So - this past weekend The Management (Ange) and I set off for mid Wales in the UK to attend a composting toilet course at CAT - the Centre for Alternative Technology. No shit - there is a course on composting toilets.
You may be thinking - 'but you guys make toilets - why would you go on the course?' Well we make our toilets but these amazing folks look at lots of different toilets, user dynamics, group dynamics, what works on big scales, small scales, but most importantly what doesn't work. One of the points was that water toilets are here and for the foreseeable future here to stay. It's an amazing infrastructure that engineers have built and frankly it is awesome to flush and forget. So the CAT work with 'no flush' as well as 'low flush' tech (as low as 4 litres a flush! 🤯)
The Centre for Alternative Technology is an awesomely inspiring place. Founded in 1973 on a disused slate quarry in Mid Wales, CAT has evolved from a community to a visitor centre to an educational charity specialising in sharing practical solutions for sustainability. To a cold, hard-nosed numbers person like me, its ideals initially sound too good to be true even and wishy-washy. But in reality it really is that simple - inspire and educate people. That's where the amazing community of people make it what it is.

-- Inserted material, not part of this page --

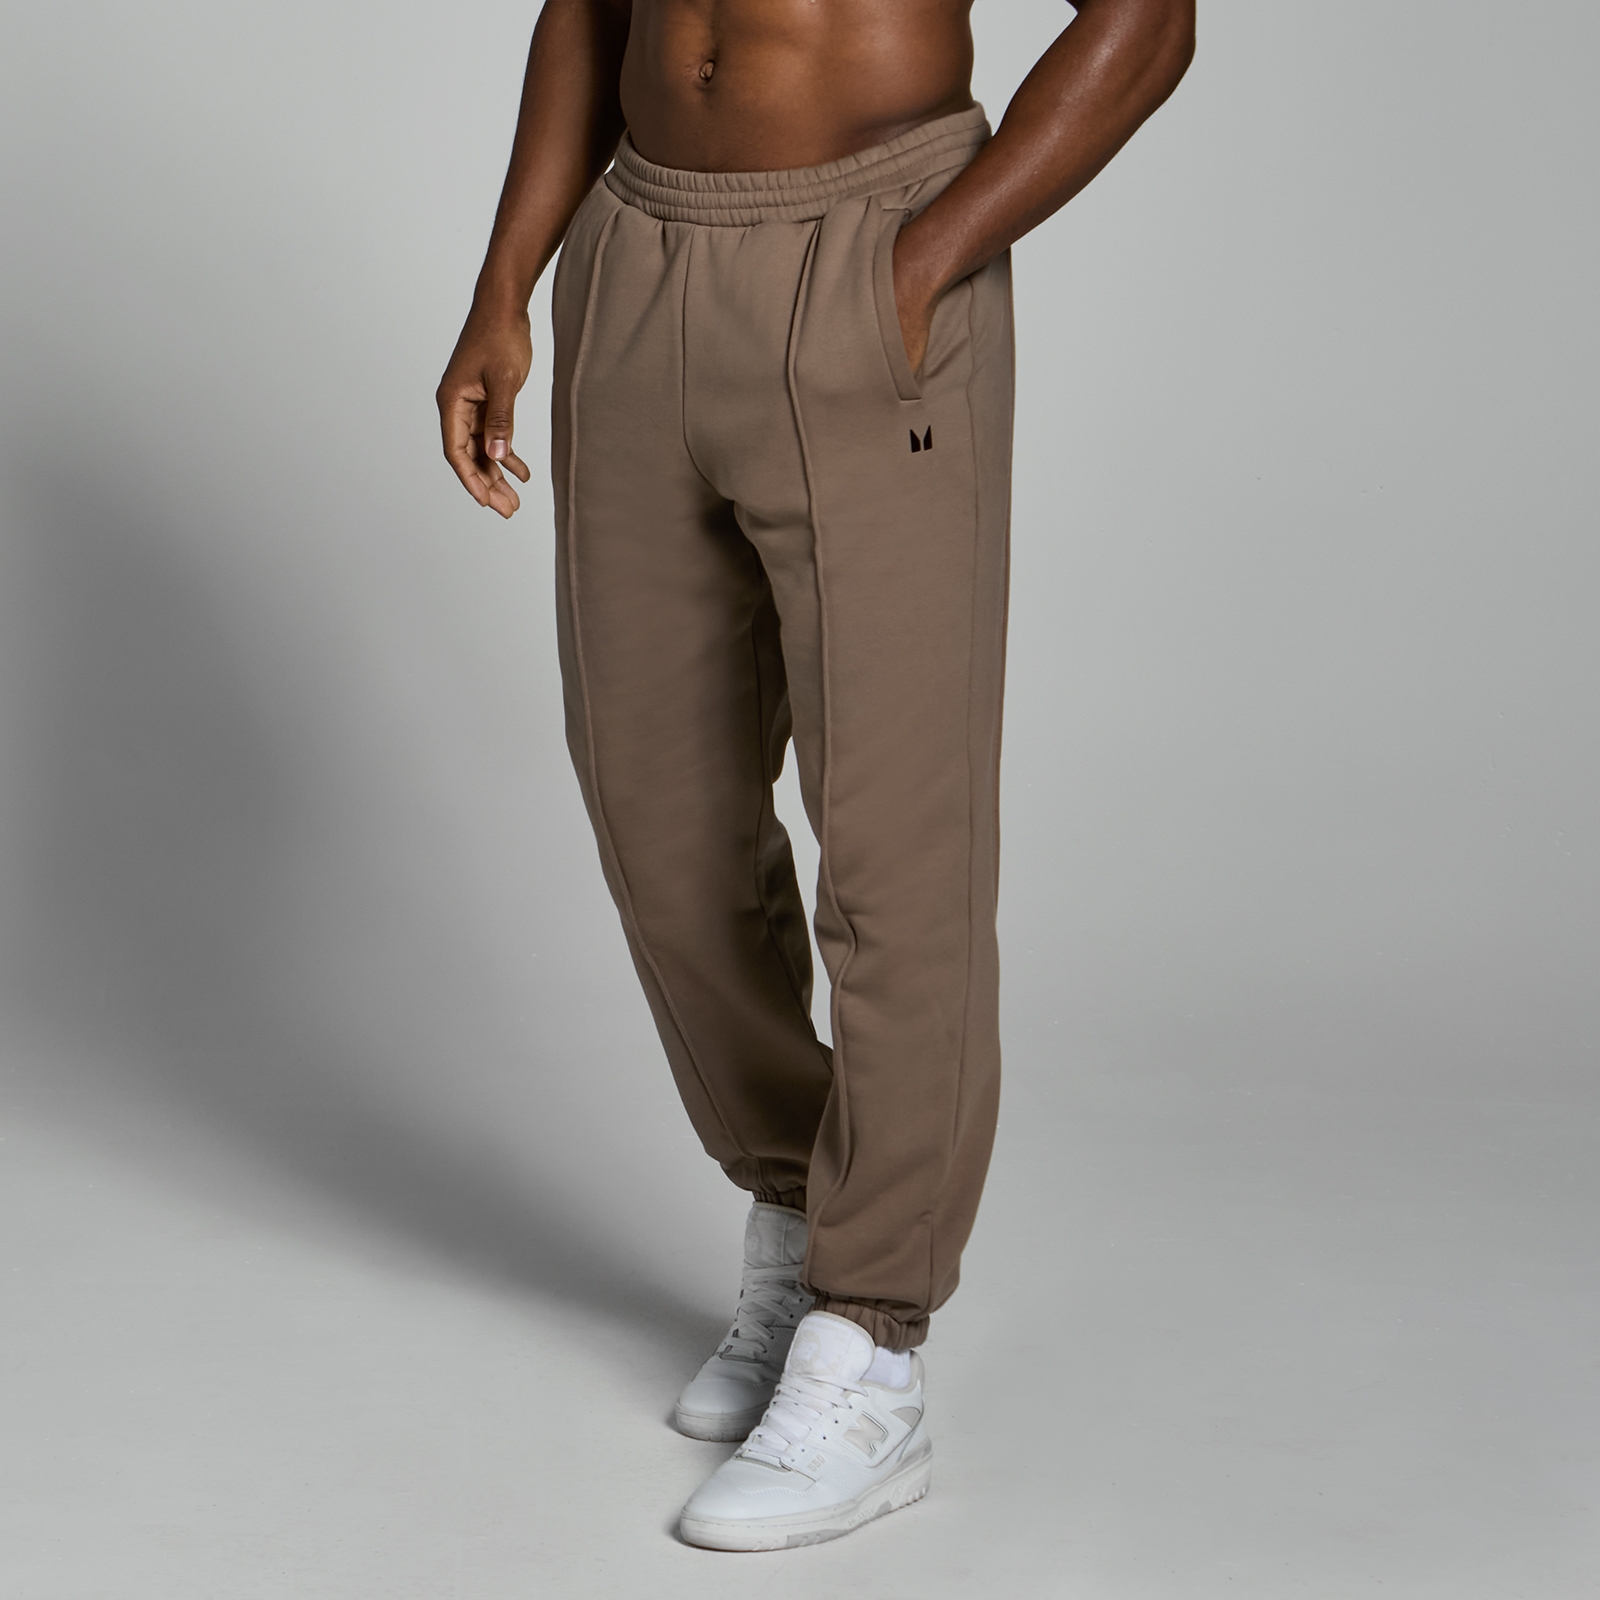 Image of Pantaloni da jogging pesanti oversize MP Lifestyle da uomo - Marrone chiaro - XL
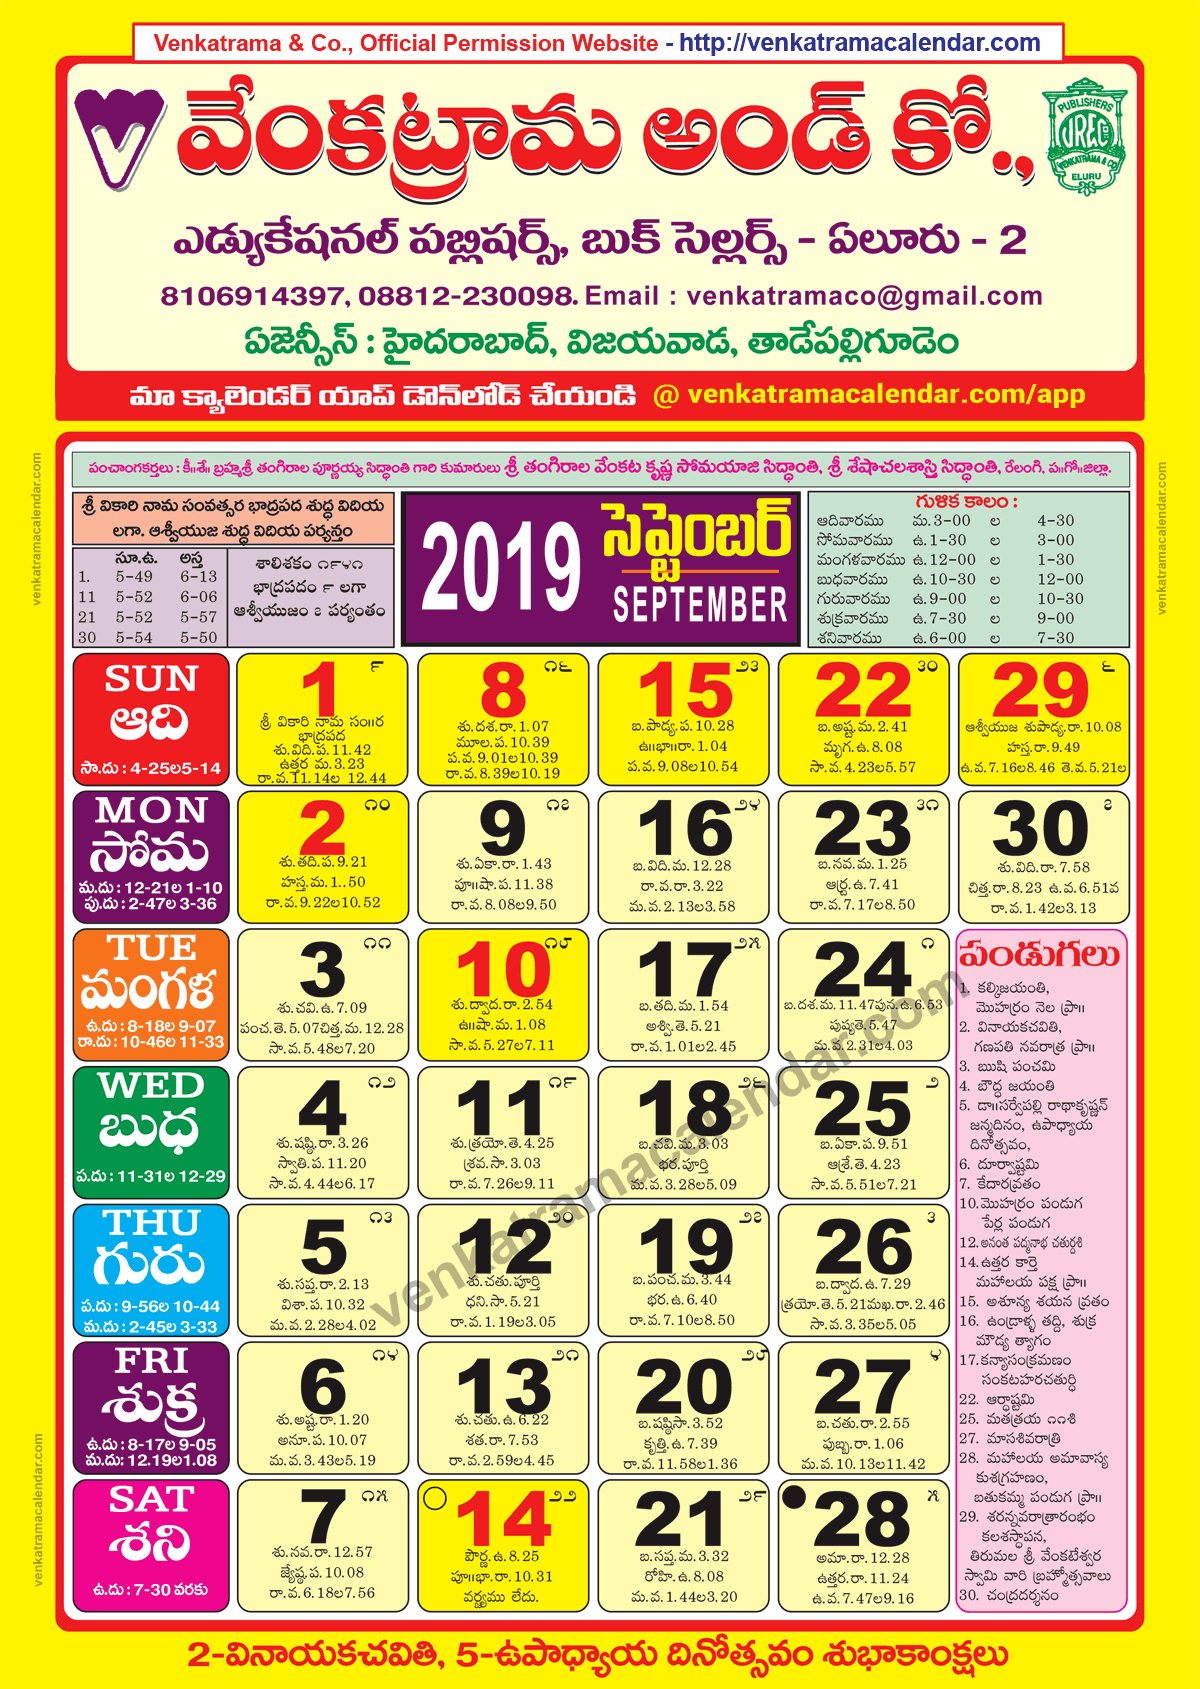 venkatrama-co-2019-september-telugu-calendar-colour

CAT’s mission is to inspire, inform and enable humanity to respond to the climate and biodiversity emergency.
On the course for composting toilets, conversations between the course instructor Fin - an amazing person with a natural capability to facilitate conversation - and the group participants was varied and diverse. Participants' interests ranged from urban use cases, allotments, water conservation to off-grid & forest based applications... and of course the van crew! Topics ranged from composting toilets, design, usage and pathogen management to tomoato seeds (which need to pass through the gut to germinate - so almost always appear in compost!) to land usage, to green energy from biofuel - check out Drax here for an eye opening insight... and if that's not enough this letter to the EU... Sooo much of this was new to me...
But we digress...
The Center for Alternative technology is the kind of place that opens your eyes to amazing ideas. So many amazing ideas are here that course participants were asking - what was the name of that thing again it seems fricking awesome - why haven't I heard of it before? (it's called an Aquatron) Then there's the pushing of boundaries in general - like the huge 7.2m (23.6ft) rammed earth wall in the Wise building.
Those little contraptions on the doors to the composting toilet pits are fly traps.
Coming away from the course, I was inspired at how awesome composting is and could still be if we could scale it. How we have the low-energy solutions now (aquatron!) if only regulation were able to keep up with what was really needed for survival.
Luckily I know where there's a load of super smart people to work with to help make this shit happen!